(Description of the task):
When you copy the listing, skip the images and return each line verbatim.

(Data):
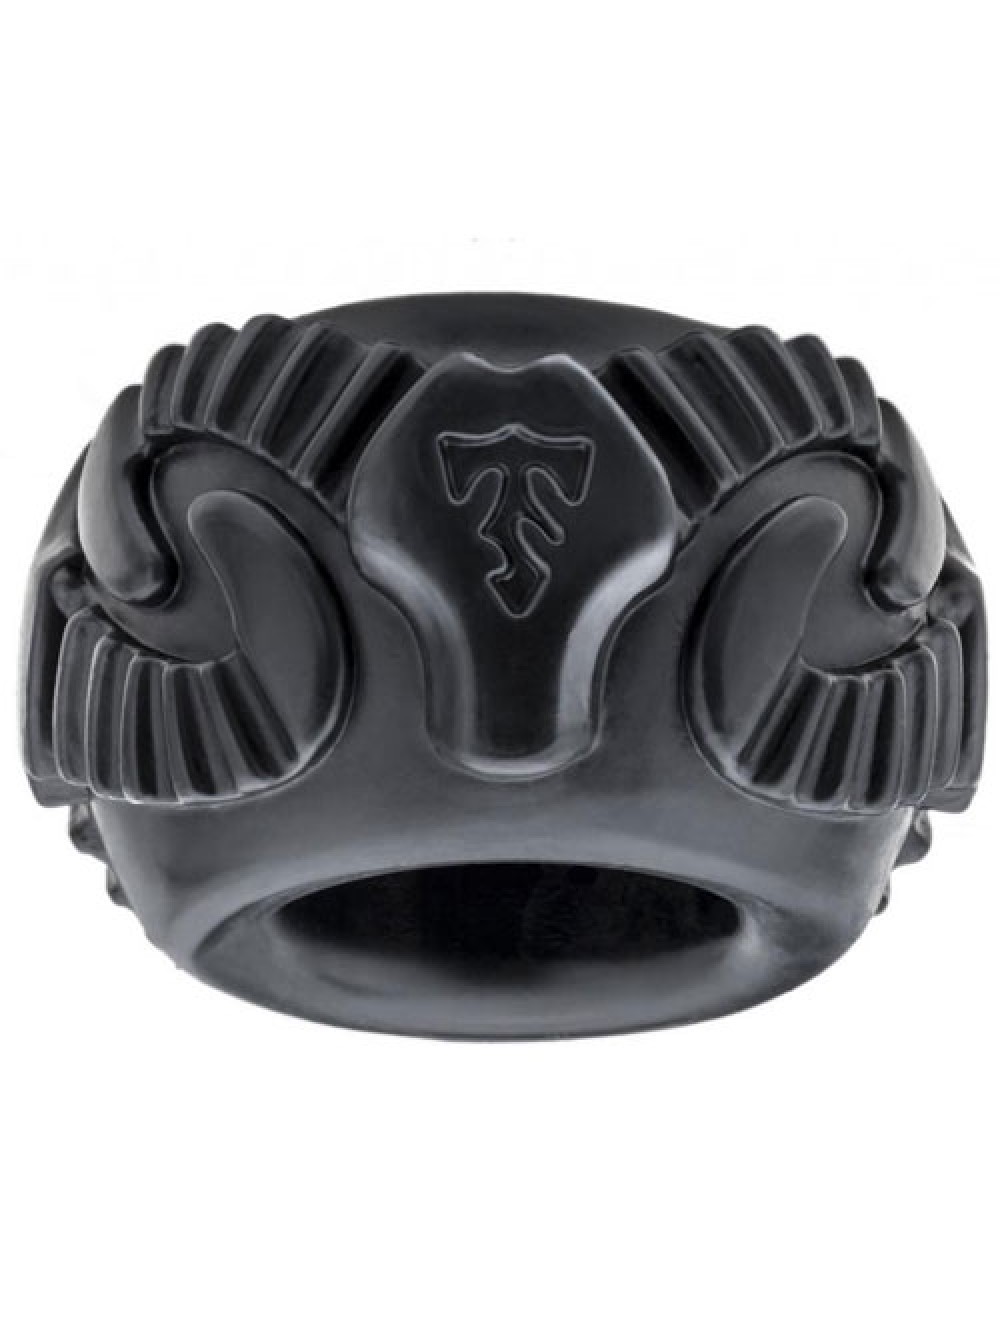 Perfect Fit Tribal Son Ram Ring 2 Pack Black
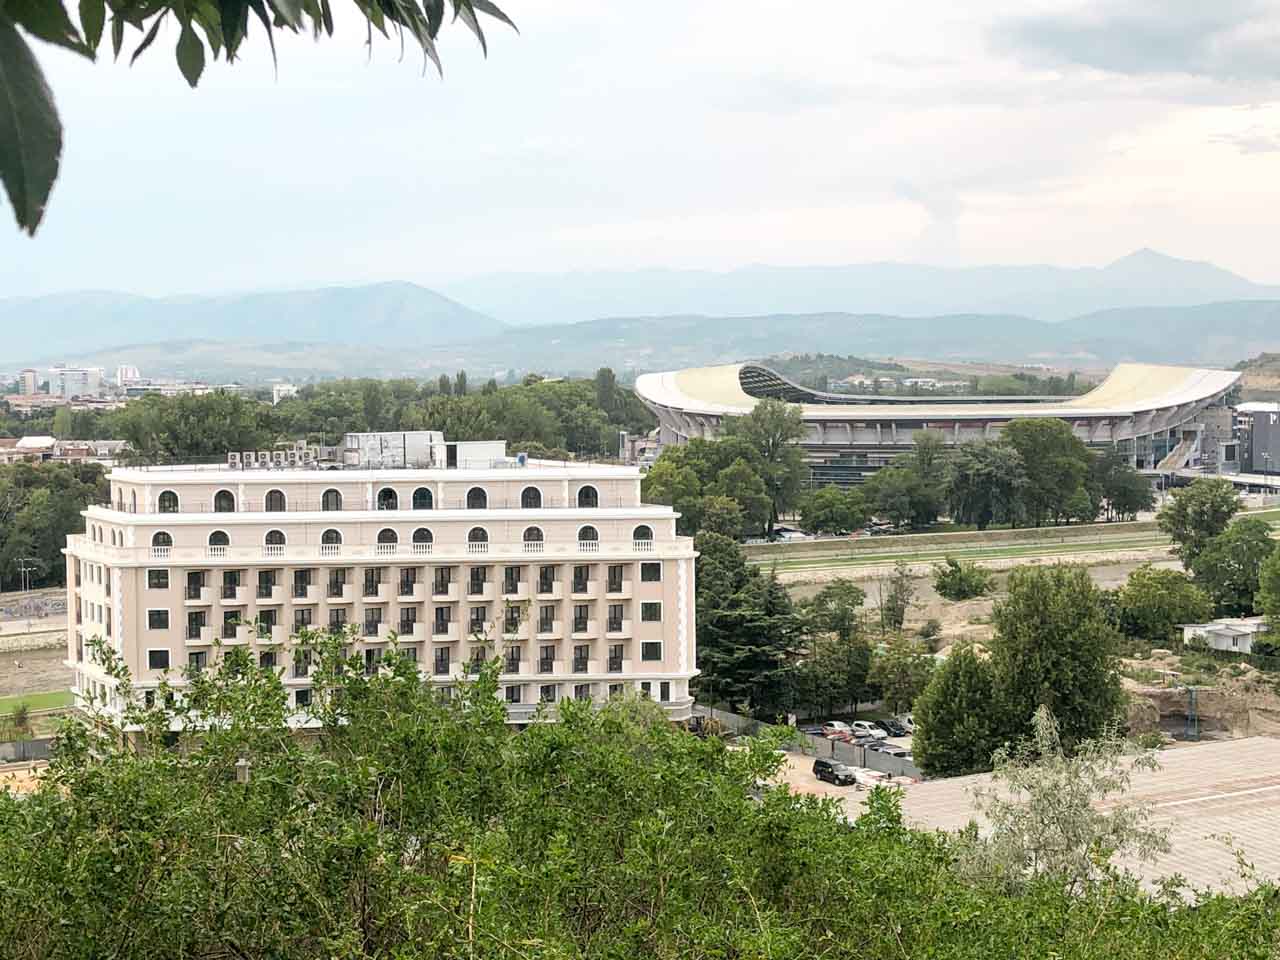 National Arena Toše Proeski seen from the top of the Skopje Fortress
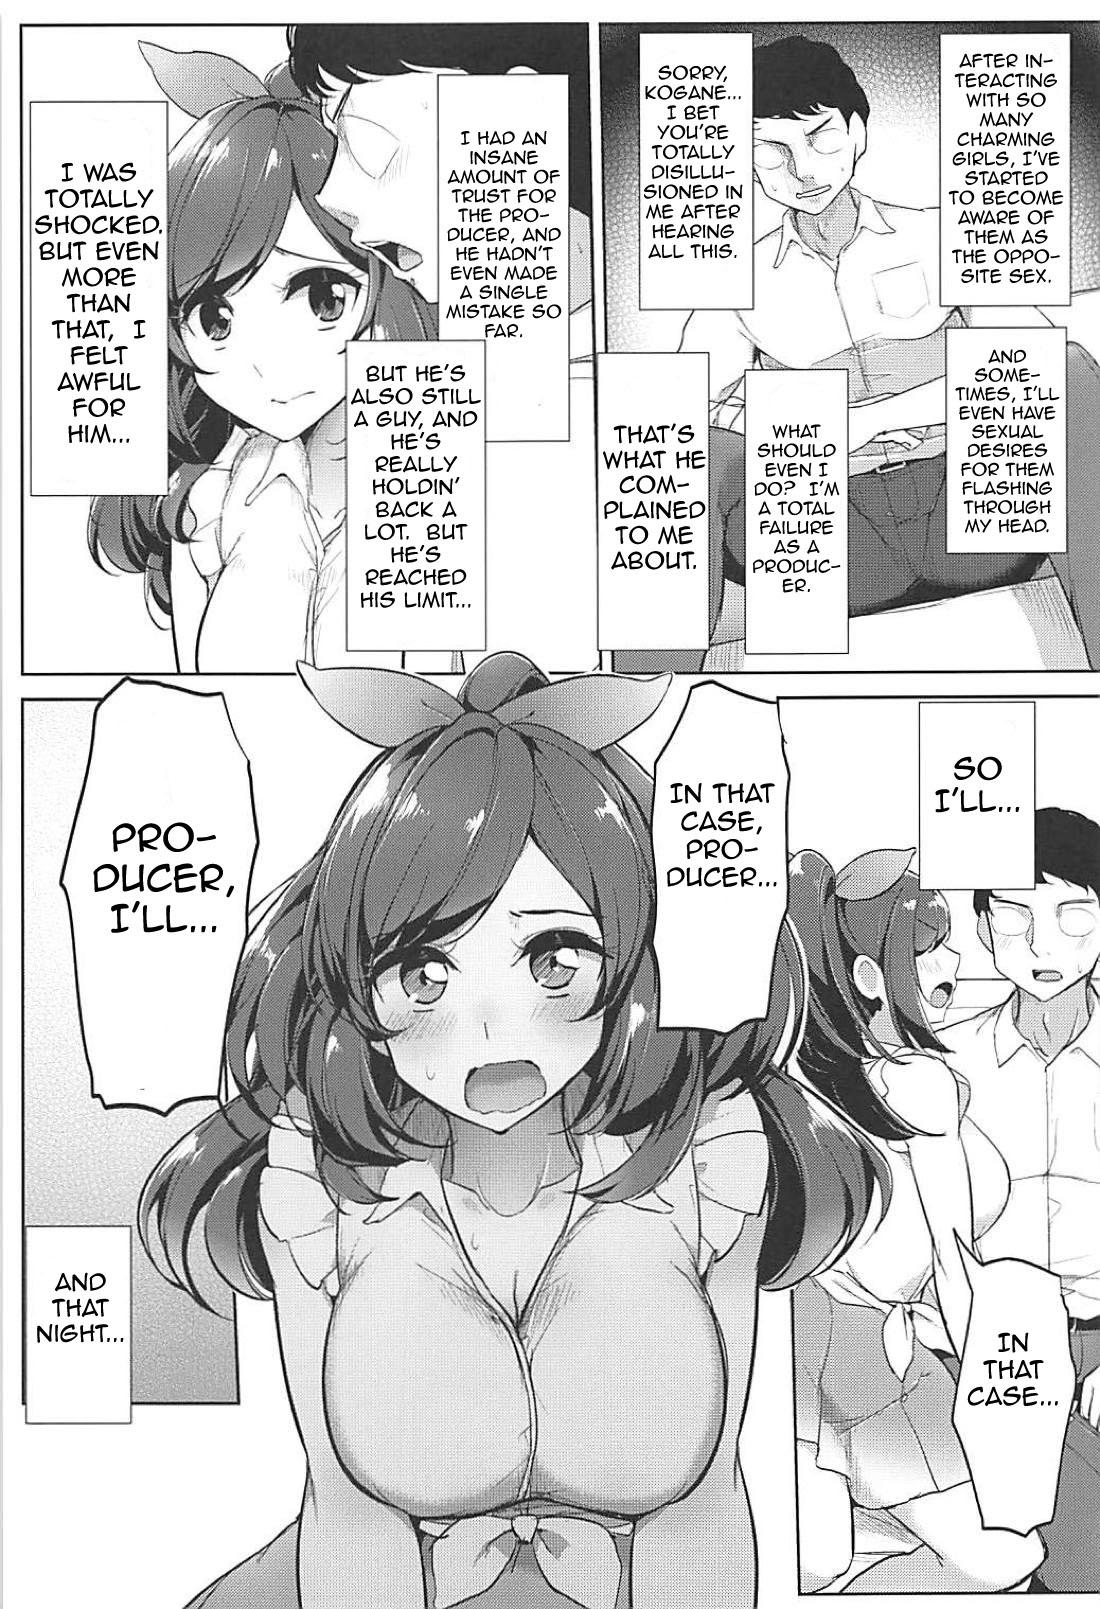 Tease P e no Suki wa Tomeraren bai - When I Just Can't Stop Loving The Producer - The idolmaster Hooker - Page 6

(Your response):
 Perfect Fit Tribal Son Ram Ring 2 Pack Black
 National Arena Toše Proeski seen from the top of the Skopje Fortress
 Tease P e no Suki wa Tomeraren bai - When I Just Can't Stop Loving The Producer - The idolmaster Hooker - Page 6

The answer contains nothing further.